Было заметно, что Макошь злилась. Она нервно шагала из стороны в сторону, сминала парчовую ткань своего платья.
– Это просто удача, что девчонка потеряла оберег и спасибо тебе, Иван, что нашел его, – женщина сменила гнев на милость.
– Рад служить тебе, богиня, – ровным тоном ответил юноша.
В голове у него проносились вопросы зачем он это делает.
Макошь приблизилась к нему и похлопала по щеке, как верного пса.
– Я знала, что на тебя можно положиться, мой смертный мальчик, – нарочито ласково сказала она. – Теперь слушай меня, Иван. К концу следующей седмицы наступит полнолуние, старшая княжеская дочь обернется медведицей. Это вызовет смуту. Особенно, будет удивлен ее женишок.
Макошь усмехнулась своим мыслям, ее глаза вспыхнули радостью мести.
– Что нужно будет сделать, богиня? – спросил Иван.
– Самую малость, – улыбаясь, произнесла она. – Нужно будет найти испуганную княжескую дочку в лесу. Скажешь ей, что знаешь, как избавиться от проклятия. Стань для нее другом, пусть она безоговорочно доверится тебе, а потом я расскажу, что делать дальше.

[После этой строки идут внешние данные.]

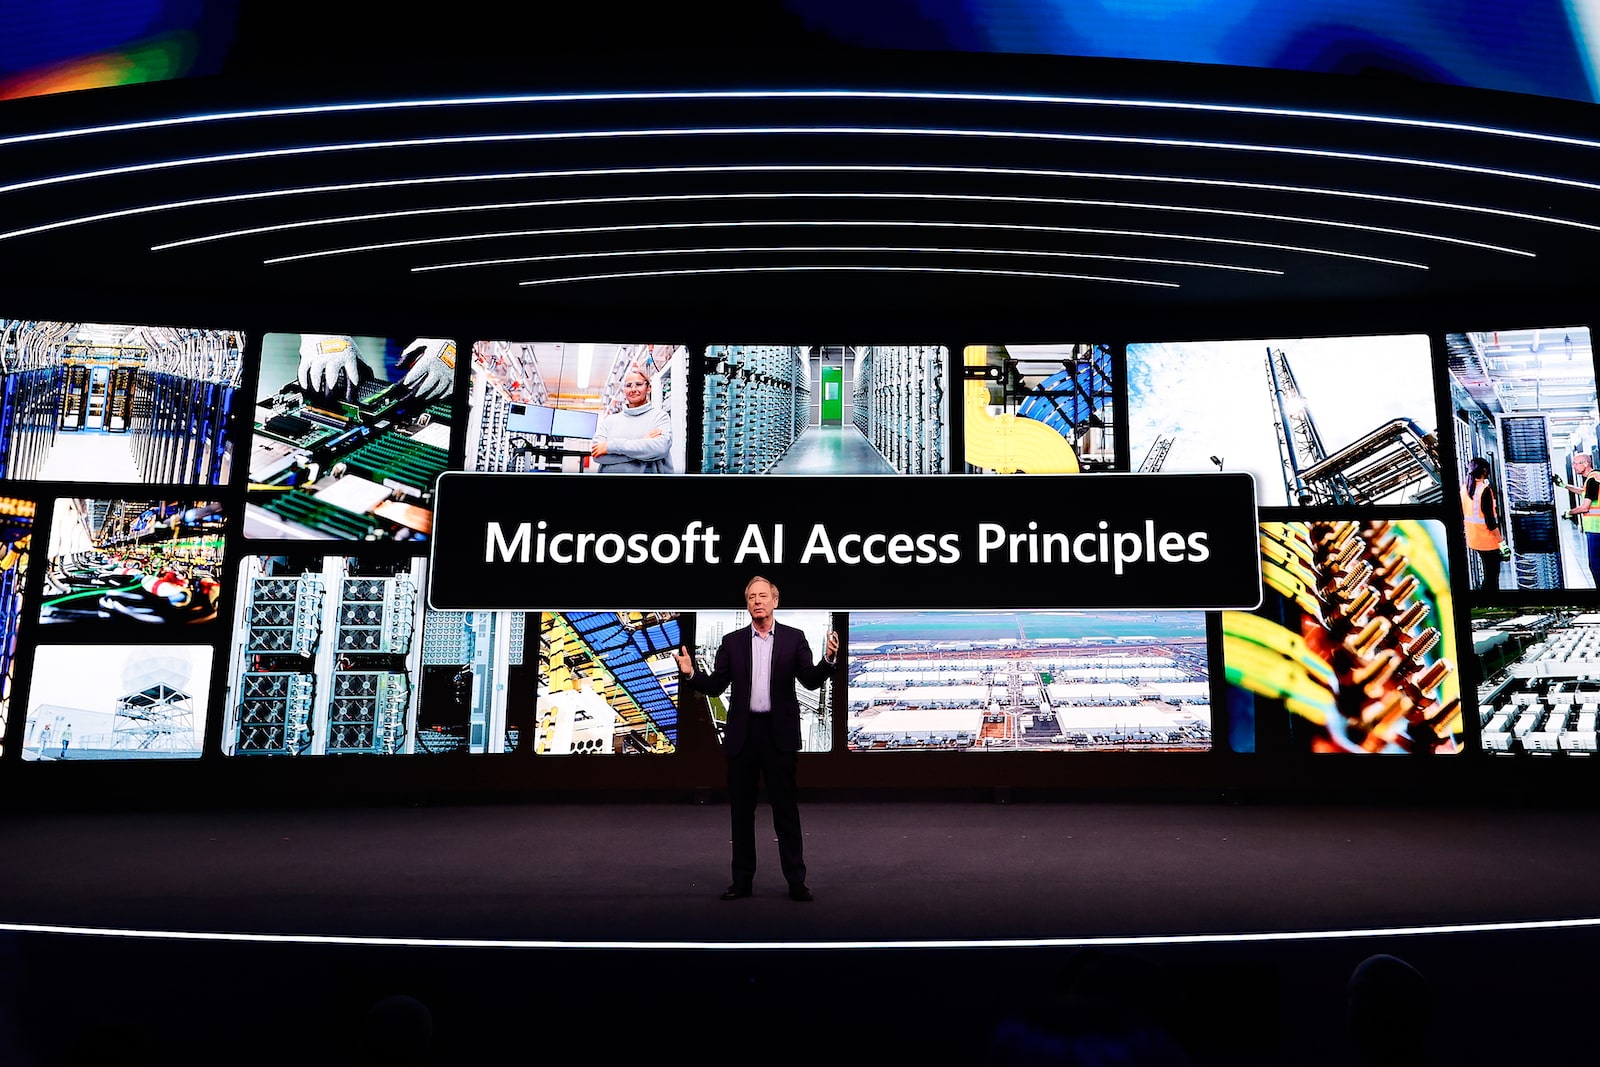 A man in a suit stands on stage in front of a screen that says Microsoft AI Access Principles with lots of small industry photos in the background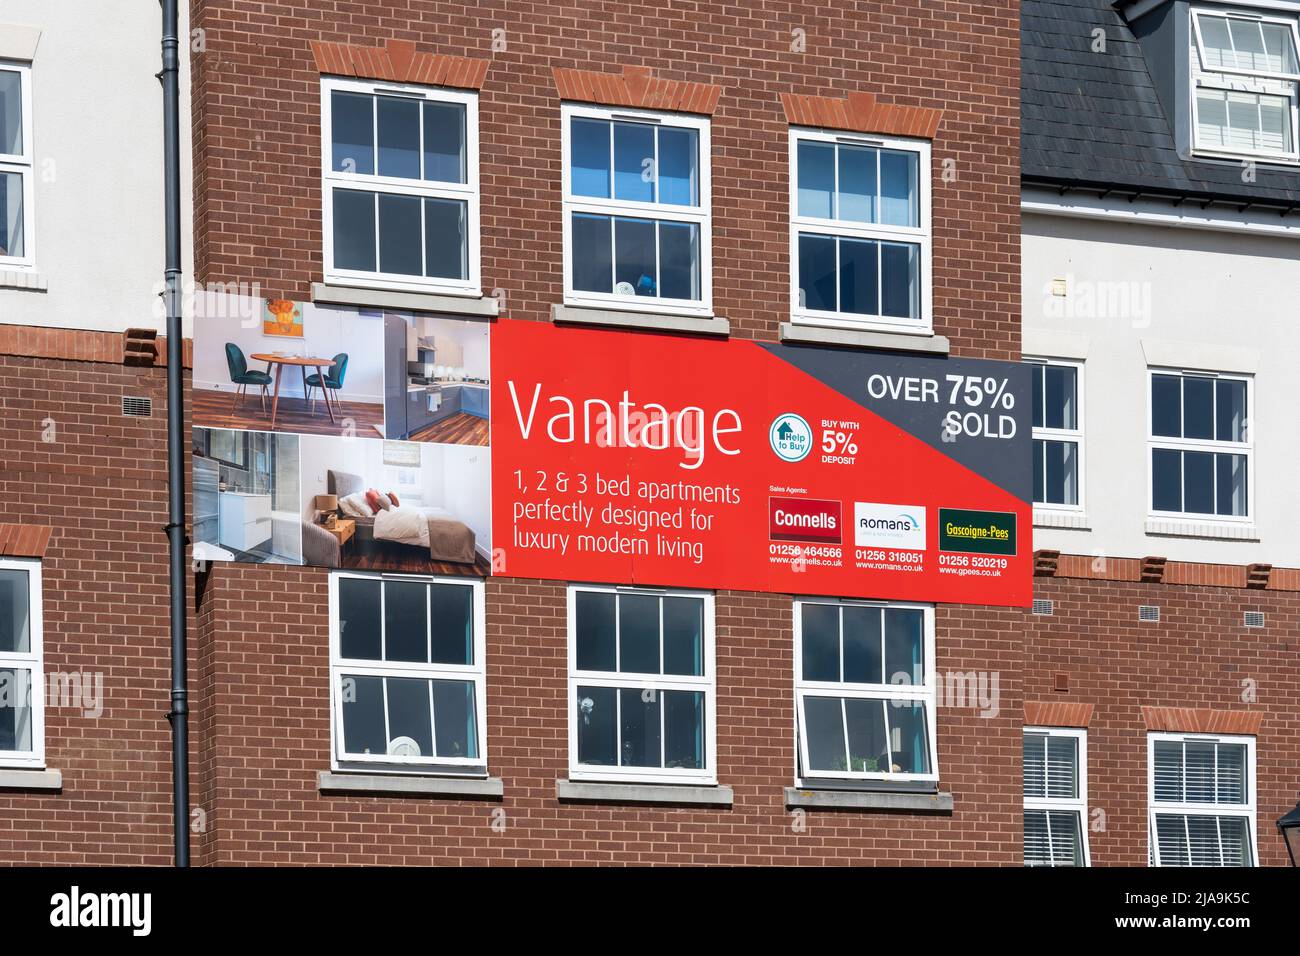 An advertising banner on the outside of Vantage House advertising new 1, 2, 3 bed apartments / flats for sale. Basingstoke town centre, England Stock Photo

Макошь взмахнула рукой и растаяла в воздухе. Только яркие искры, осевшие на землю, напоминали о появление богини.
Иван тряхнул головой, словно пробудился от тяжелого сна.
– А что, если я не стану выполнять твои указания? – прокричал он в темноту.
Тело снова пронзила острая боль, от чего парень согнулся пополам.
«Тогда ты умрешь!»– откликнулся ледяной голос.
Рада стояла в лесу. Ночь. Она в одной ночной рубахе, босая. Под ногами наледь, припорошенная, как мукой, снегом. Деревья черными кольями возвышались над головой, и дул ветер. Он пронзительно холодный, царапал кожу ледяной крошкой, бросал распущенные волосы в лицо.
Рада обняла себя руками, было зябко. Она не знала куда идти, поэтому топталась на месте.
Вдруг где-то недалеко треснула ветка, захрустели замерзшие листья. Кто-то шел по лесу – спокойно, уверенно, как будто находился у себя дома.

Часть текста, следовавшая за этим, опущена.